- TASK REQUIREMENTS -
Set down all of the data exactly. Pictures stay out of the copy.

- THE DATA -
------------------------------------
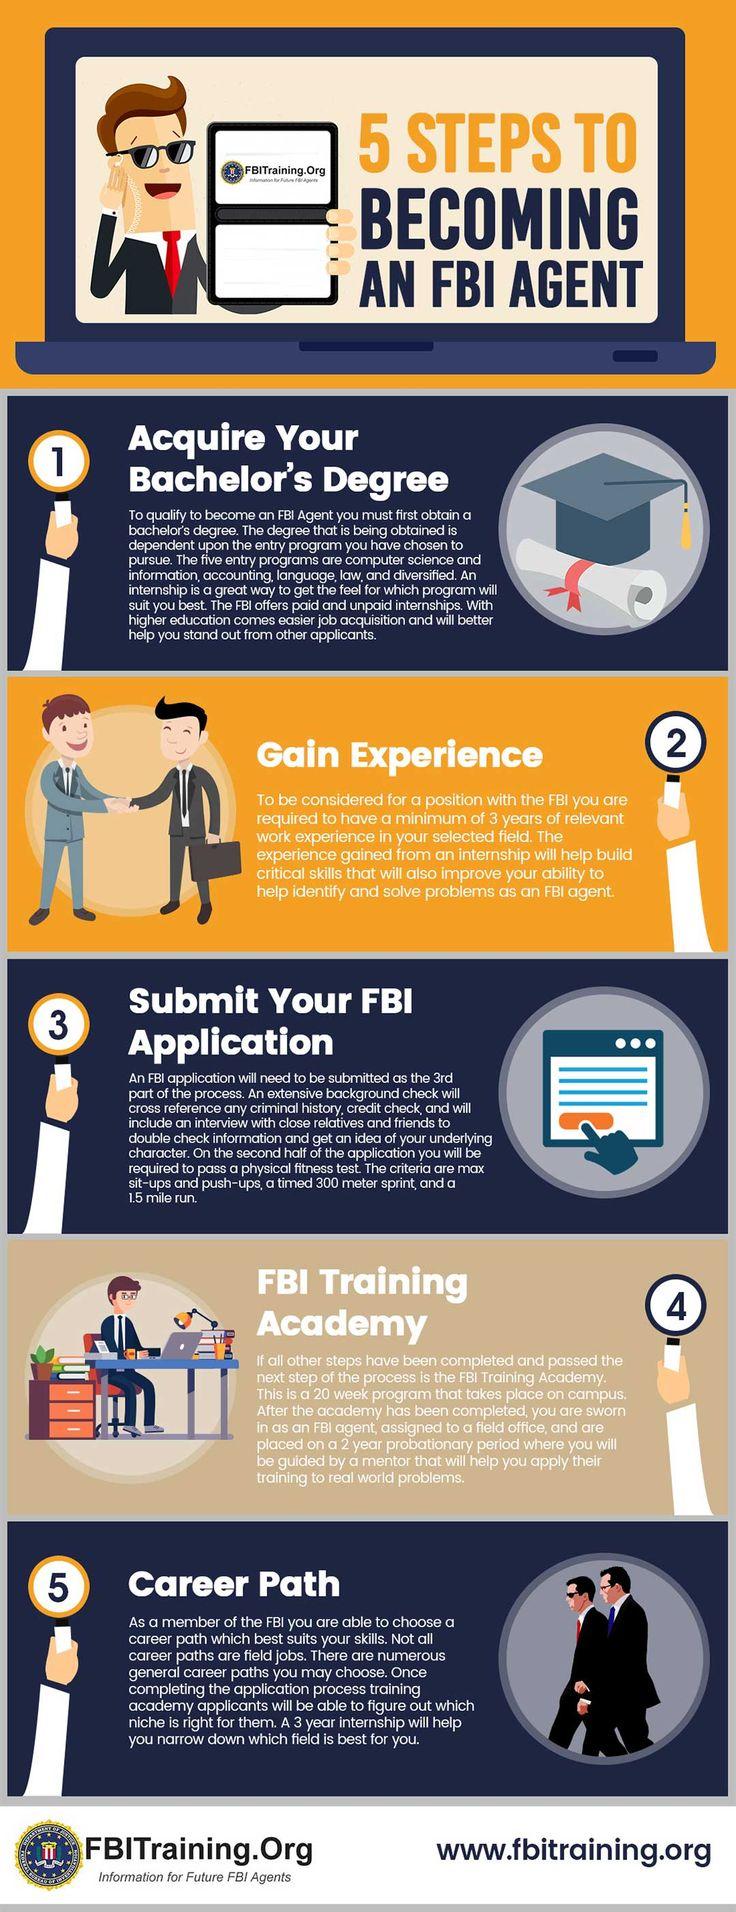 5 Steps to an FBI Agent Fbi agent, Fbi training
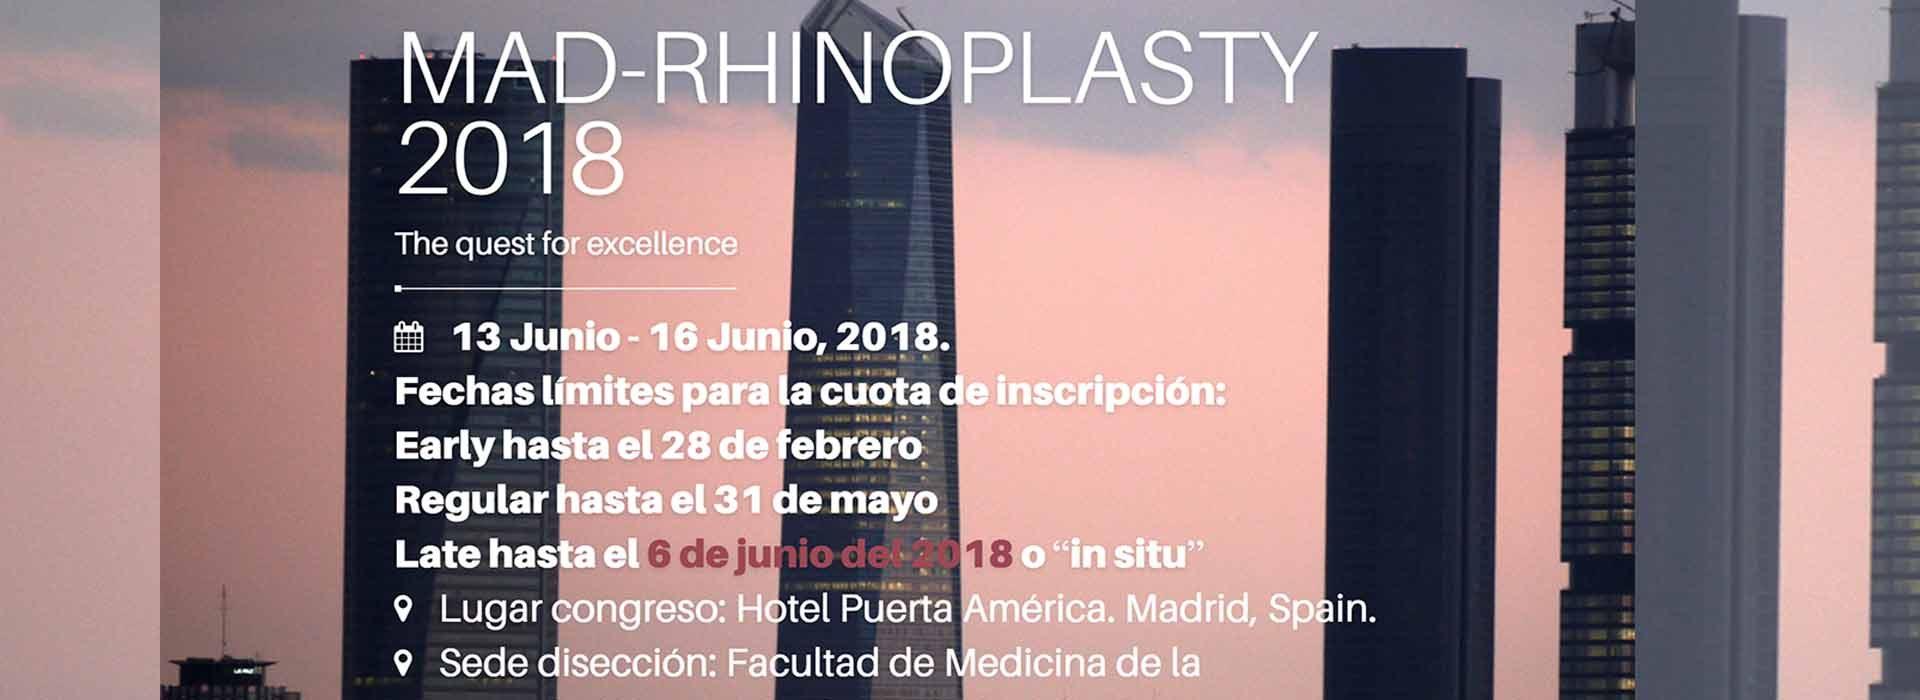 Dr. Javier Galindo dirige el congreso MAD-Rhinoplasty 2018
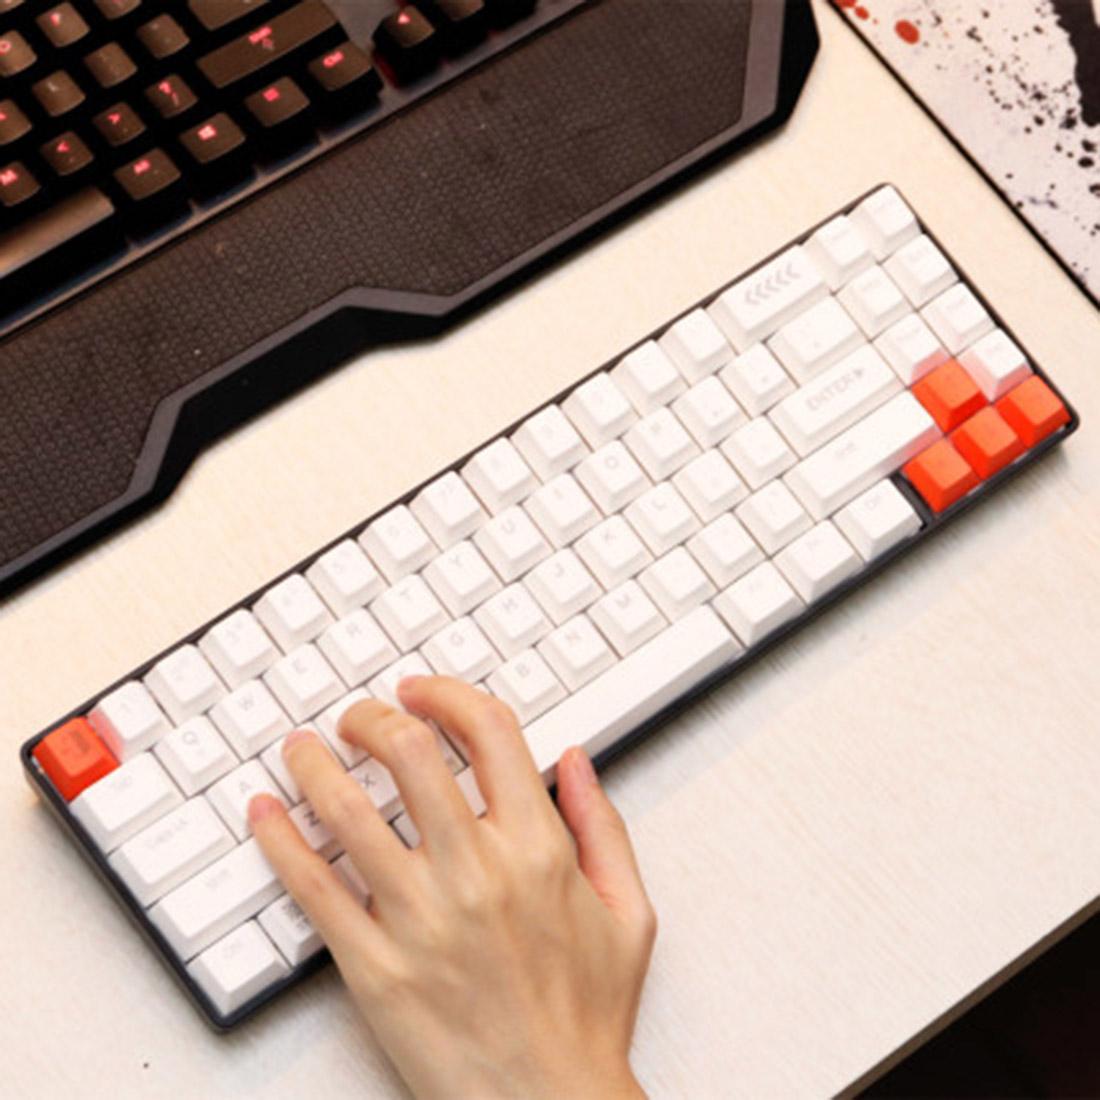 EK871 71 Keys PBT Keycaps Wireless 65% Mechanical Gaming Keyboard Compact Bluetooth Keyboard for Windows/Mac/Andoid
------------------------------------
- WRITTEN ANSWER -
 5 Steps to an FBI Agent Fbi agent, Fbi training
 Dr. Javier Galindo dirige el congreso MAD-Rhinoplasty 2018
 EK871 71 Keys PBT Keycaps Wireless 65% Mechanical Gaming Keyboard Compact Bluetooth Keyboard for Windows/Mac/Andoid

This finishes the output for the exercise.